They reached the factory and Sarah Jane bit the top of the sonic lipstick and pointed it at the gates. They opened to admit them just in time. They parked up, and Sarah Jane opened the door, saying, "I'm going in. Stay here."
But both Maria and Cicely had no intention of waiting at the car - they watched as Sarah Jane flashed her lipstick a second time and the gate closed, trapping the possessed outside.
But as she tried to get the lipstick to work on the door to the factory, they were disappointed.
"They've put on a deadlock seal," realised Sarah Jane, as she pocketed the lipstick.
"What does that mean?" asked Maria.
"It means we can't get in," she answered.
Behind them, the boy called, "Sarah Jane!"
They turned to see the gate behind them close.
"We can't go back and we can't get in - what are we going to do?" Maria demanded.
"There has got to be a way of getting in, there just has to be! There's got to be something..." she looked down at her sonic lipstick.
"What do I do? Come on Doctor, help me!"
She started muttering to herself, and then she caught sight of something.

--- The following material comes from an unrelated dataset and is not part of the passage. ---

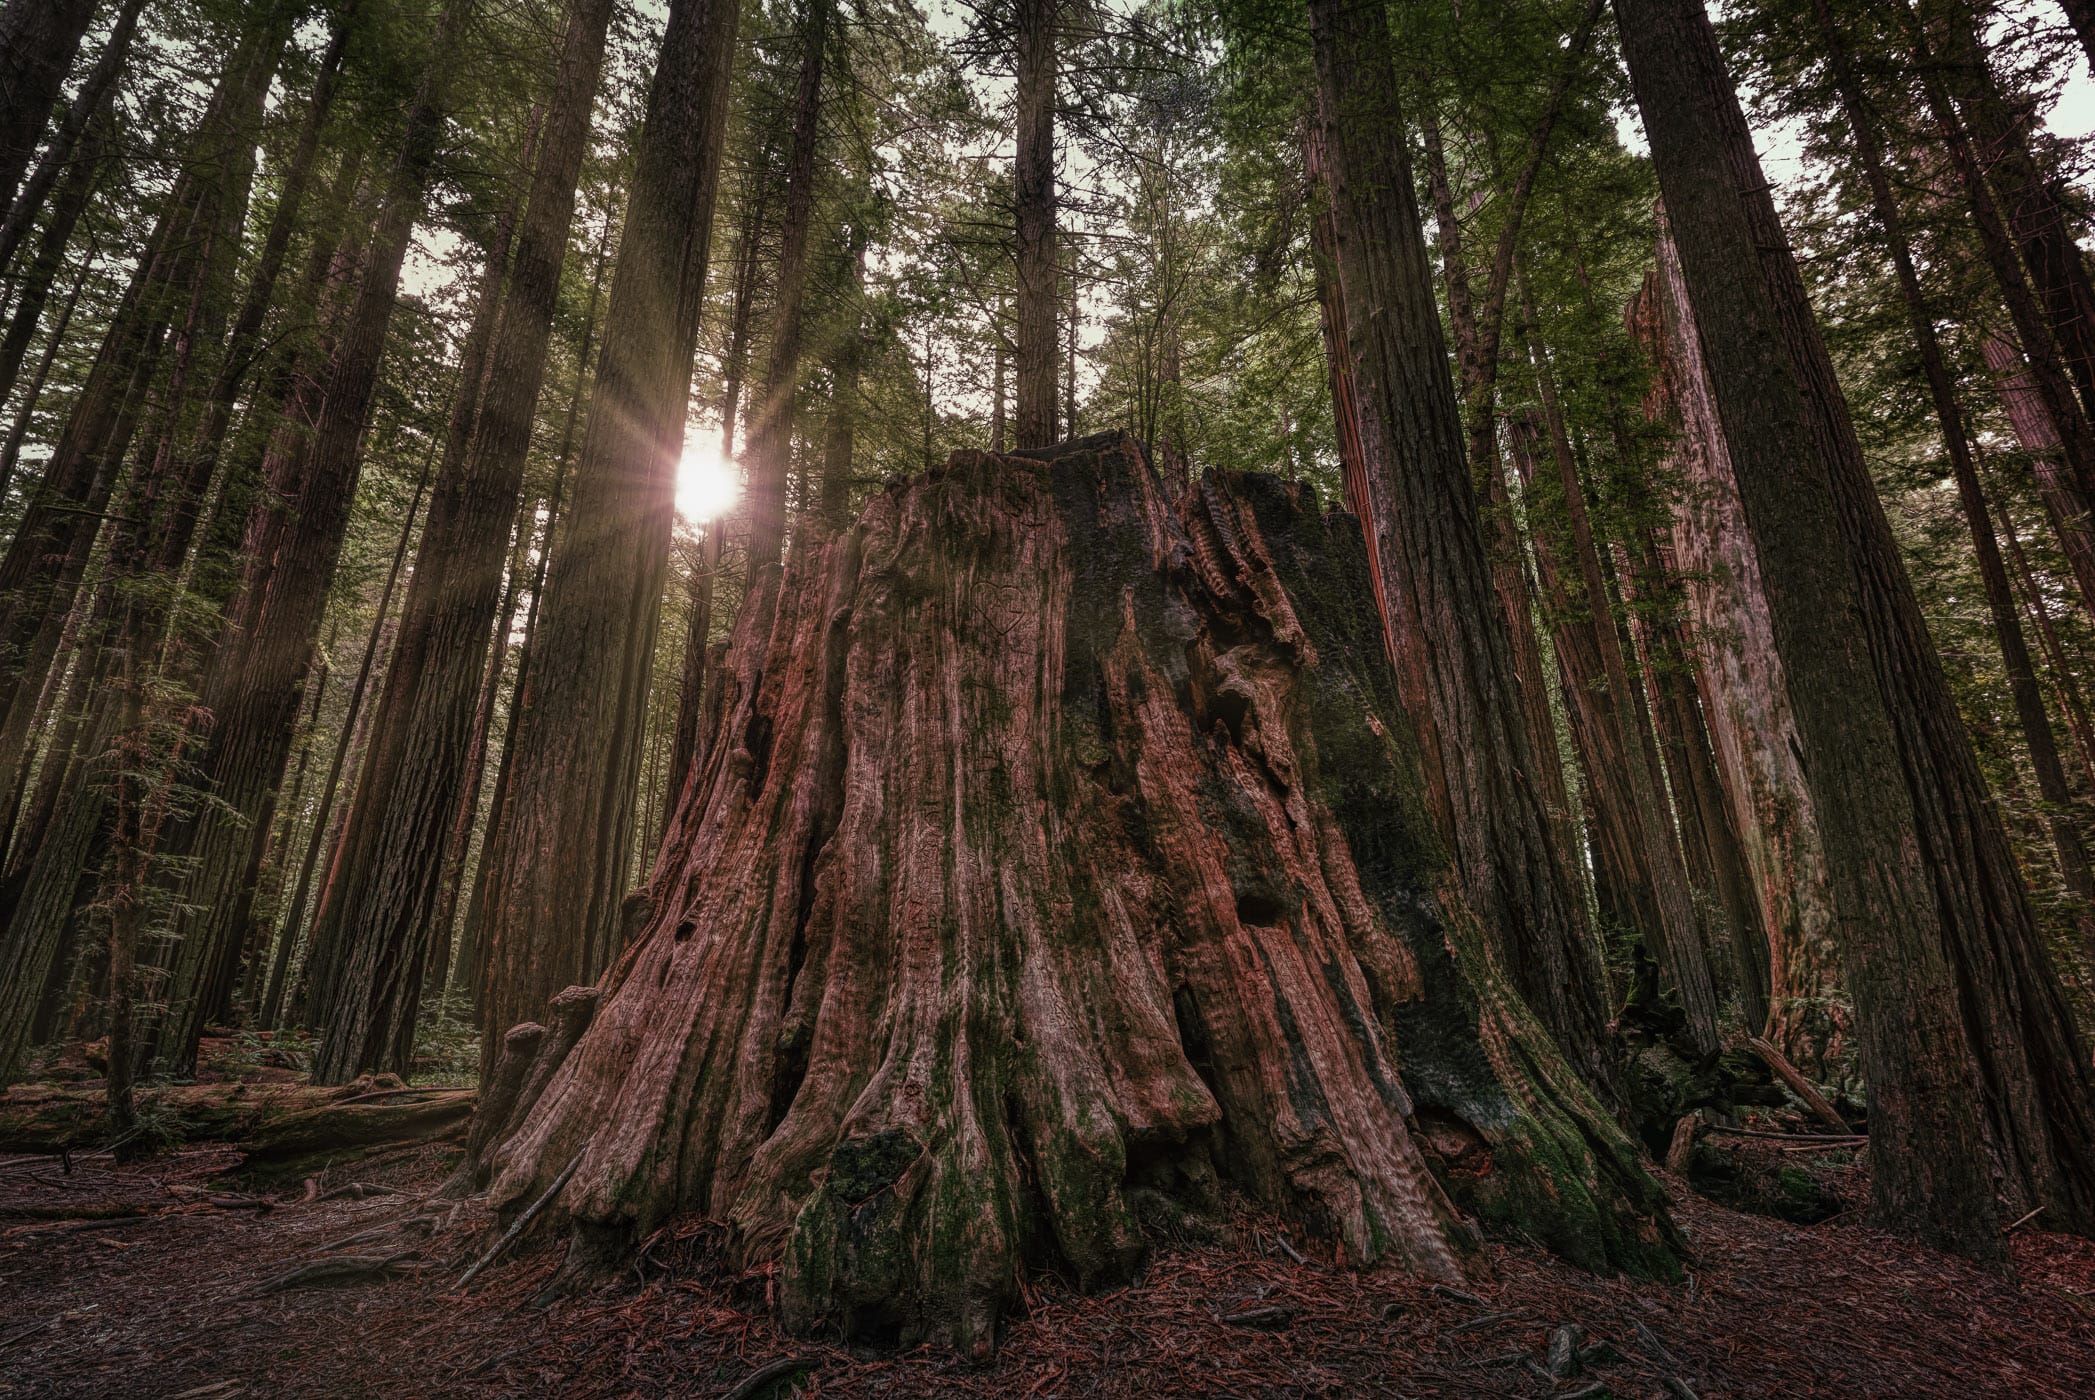 The stump of a Coast Redwood tree, spotted along the Avenue of the Giants, Humboldt Redwoods State Park, California.
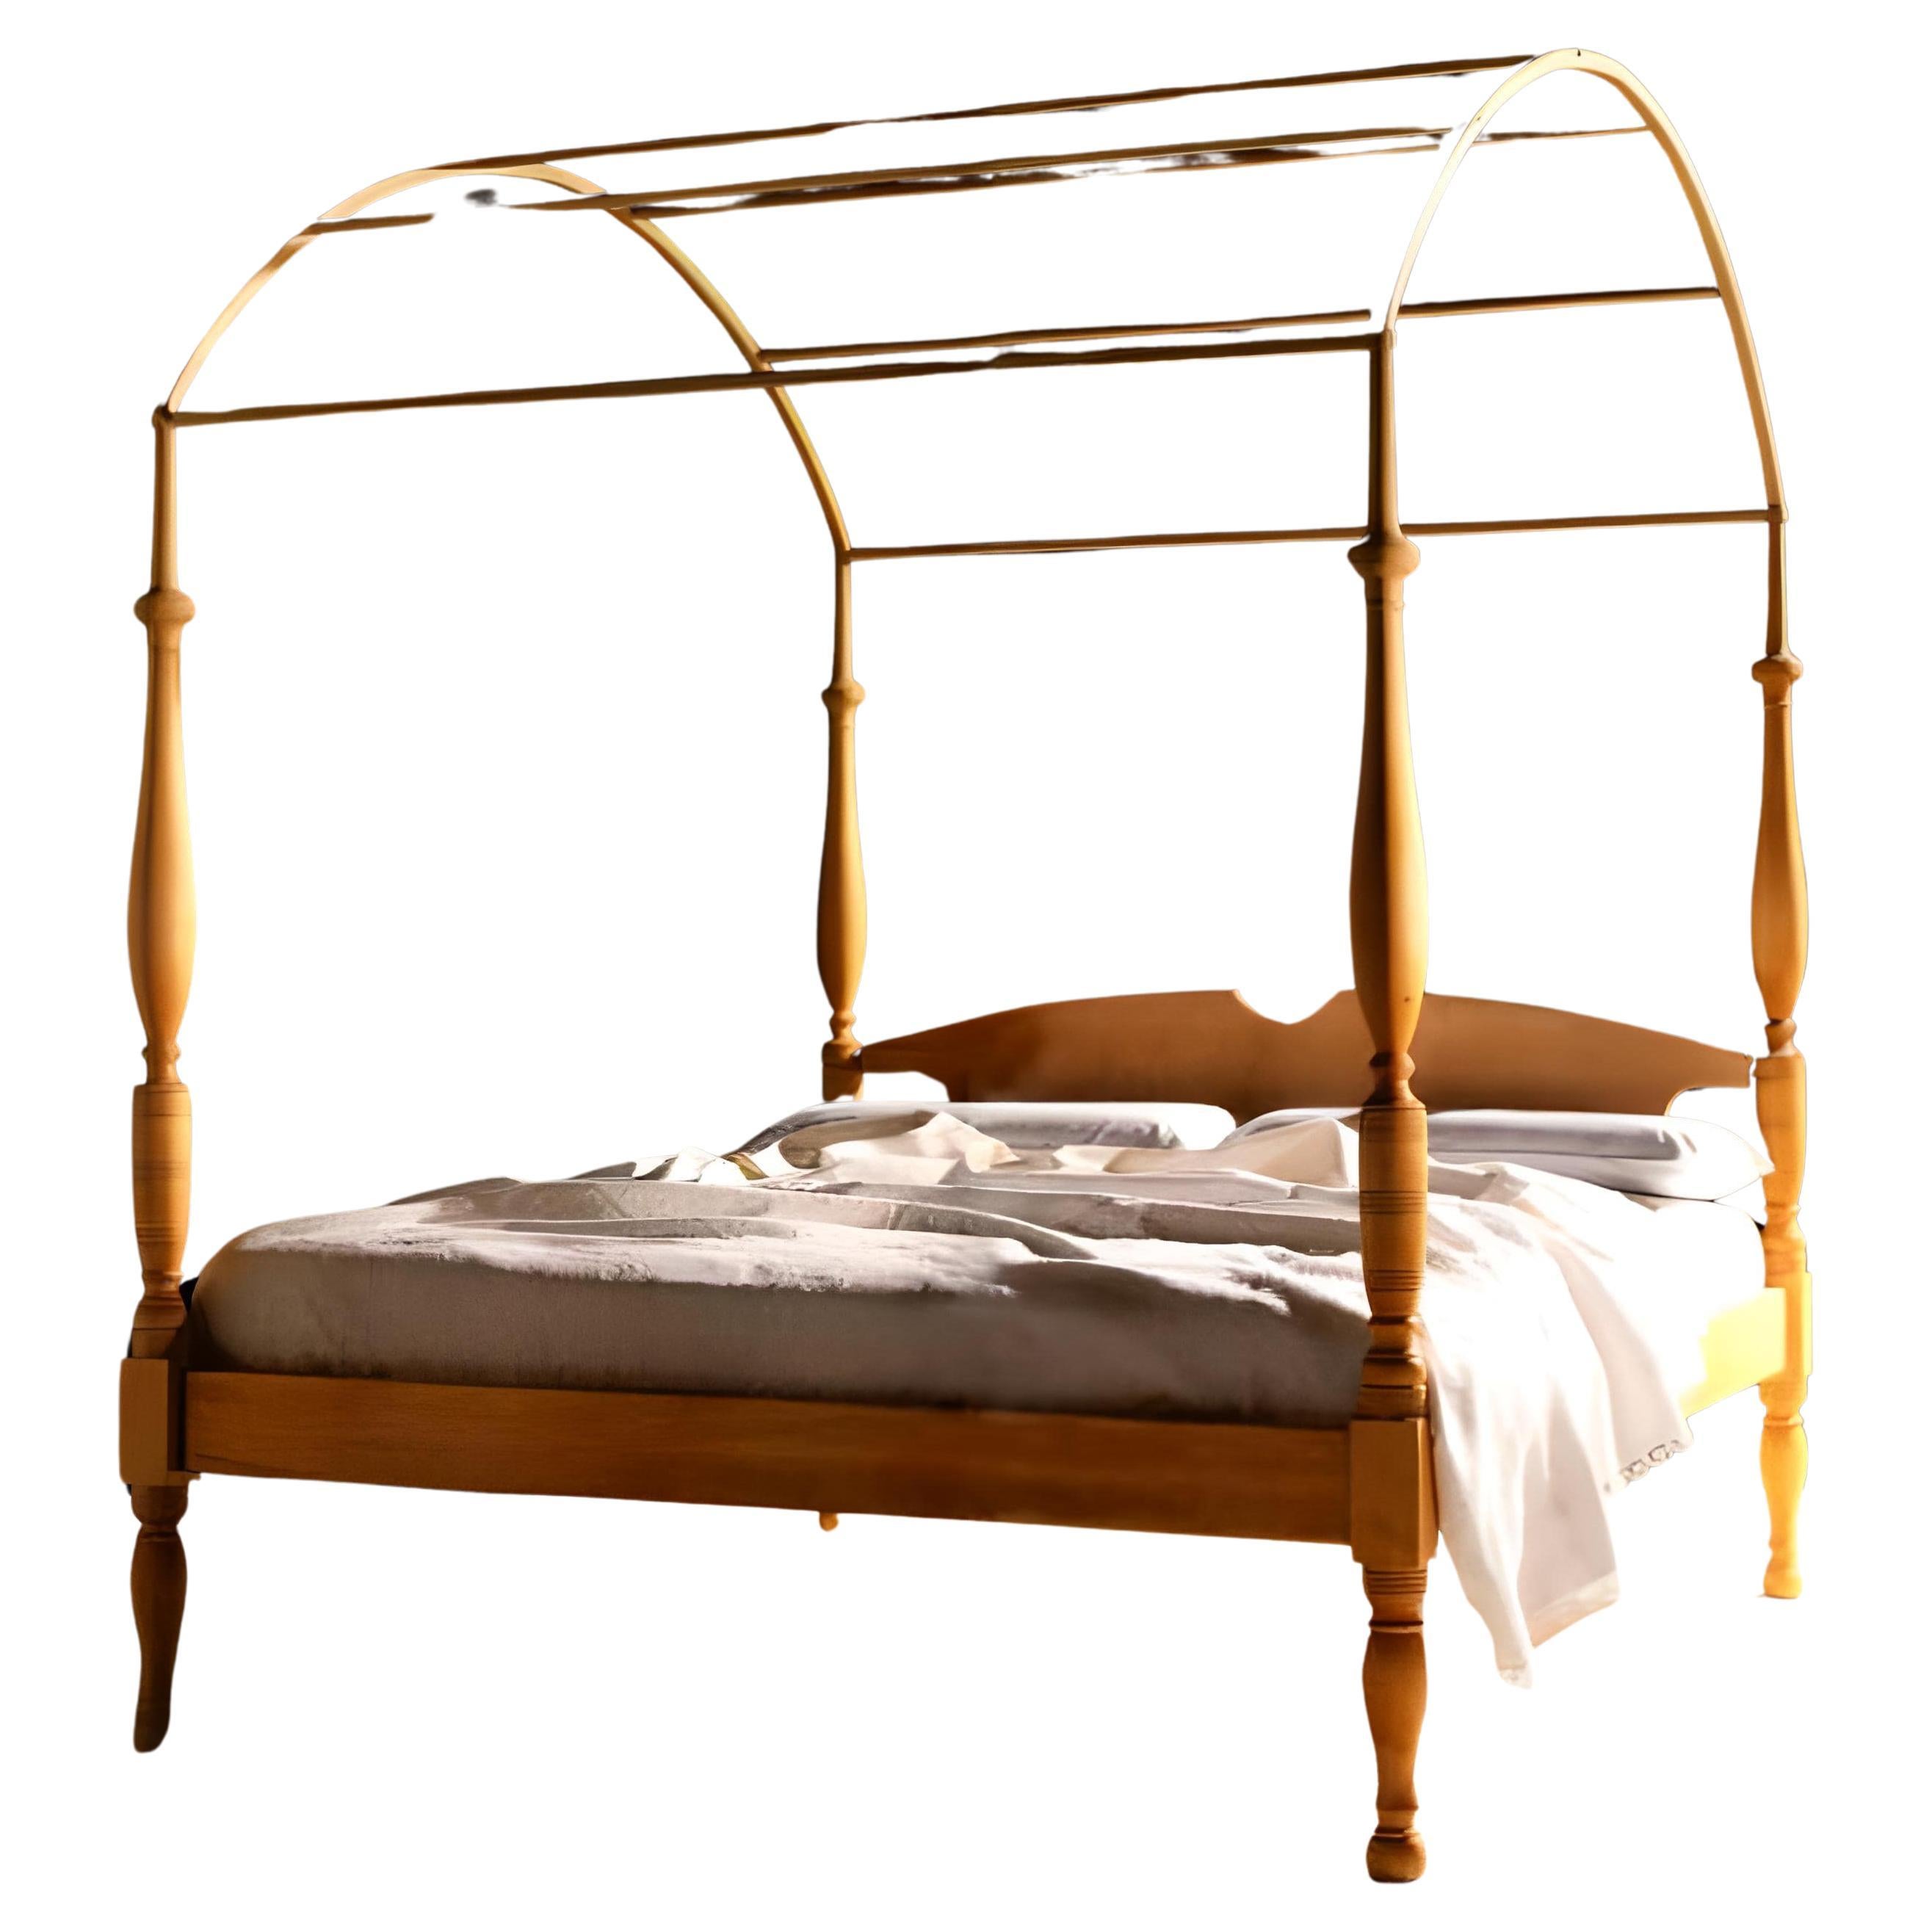 LINCOLN Four-polsted Bed - Solid Natural Maple wood with Turned Structure

"Yes!" she whispered to herself.
With a roar, the BubbleShock bus had ploughed through the wall of the factory. And with a last dying mechanical voice, it wheezed, "Drink...Bubble...Shock..."
"I hope I'm not too late for the party," Sarah Jane called from inside the driver's cab.
"Miss Smith," Mrs Wormwood hissed.
Once the door was free of debris, Sarah Jane opened it and stepped out, along with Maria and Cicely.
"And Co.," Cicely chipped in. "So this is the infamous Mrs Wormwood we all know and detest?"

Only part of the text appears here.